THE DATA |
• • • •

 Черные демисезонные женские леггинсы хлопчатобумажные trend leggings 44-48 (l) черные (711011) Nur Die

• • • •

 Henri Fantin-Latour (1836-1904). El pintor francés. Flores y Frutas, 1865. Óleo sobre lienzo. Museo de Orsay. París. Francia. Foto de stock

• • • •

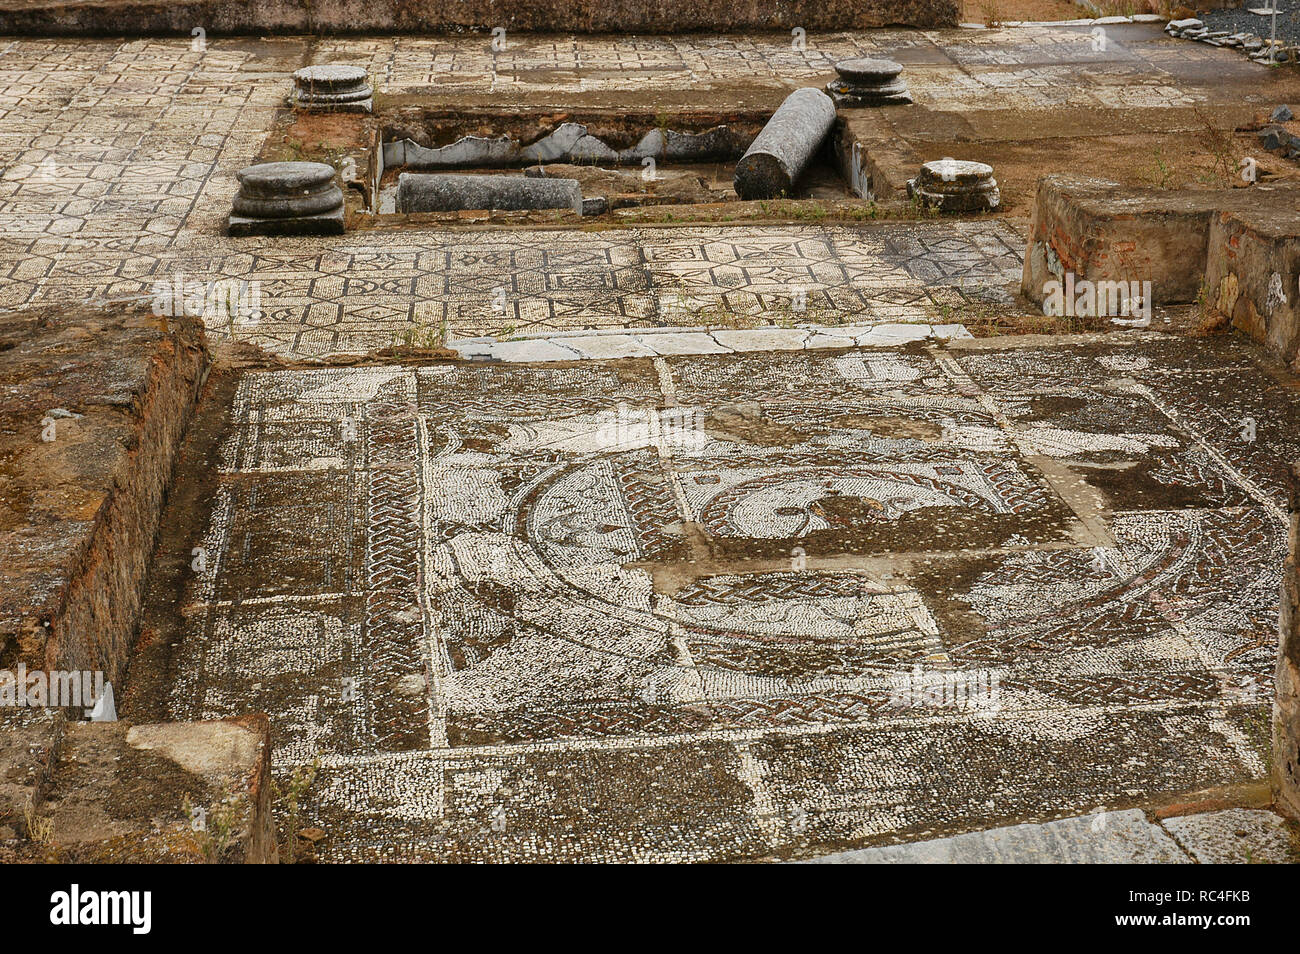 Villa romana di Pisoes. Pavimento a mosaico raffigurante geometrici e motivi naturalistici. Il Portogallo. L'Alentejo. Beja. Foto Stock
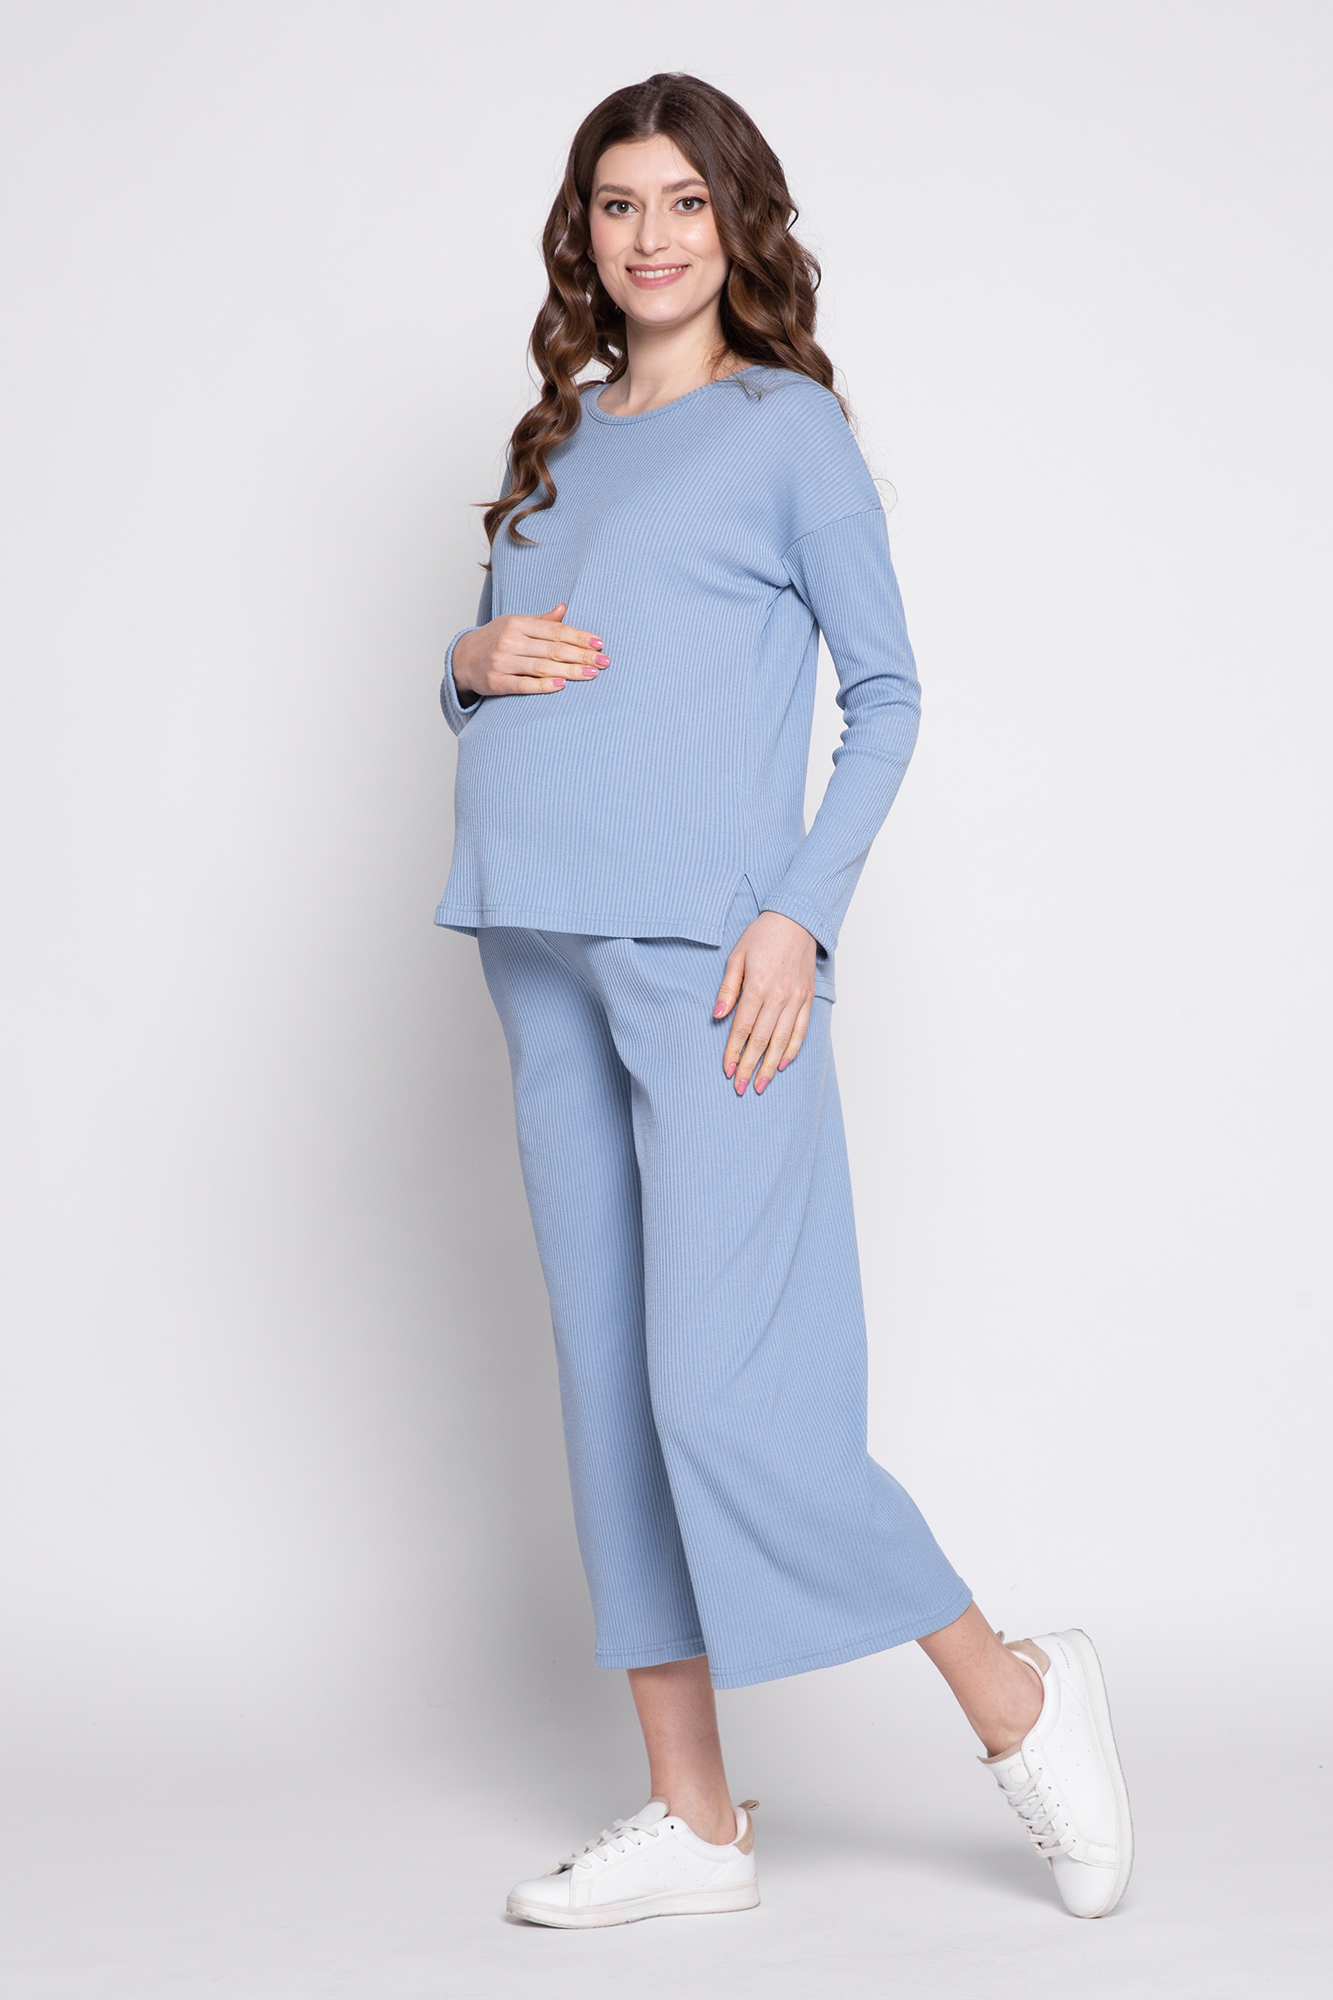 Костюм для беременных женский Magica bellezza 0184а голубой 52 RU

• • • •

Within these entries, output exactly the lines starting at the one with "Villa romana di" and finishing at the one with "Костюм для беременных". Leave pictures out of the output.

RESULT OF THE EXERCISE |
 Villa romana di Pisoes. Pavimento a mosaico raffigurante geometrici e motivi naturalistici. Il Portogallo. L'Alentejo. Beja. Foto Stock
 Костюм для беременных женский Magica bellezza 0184а голубой 52 RU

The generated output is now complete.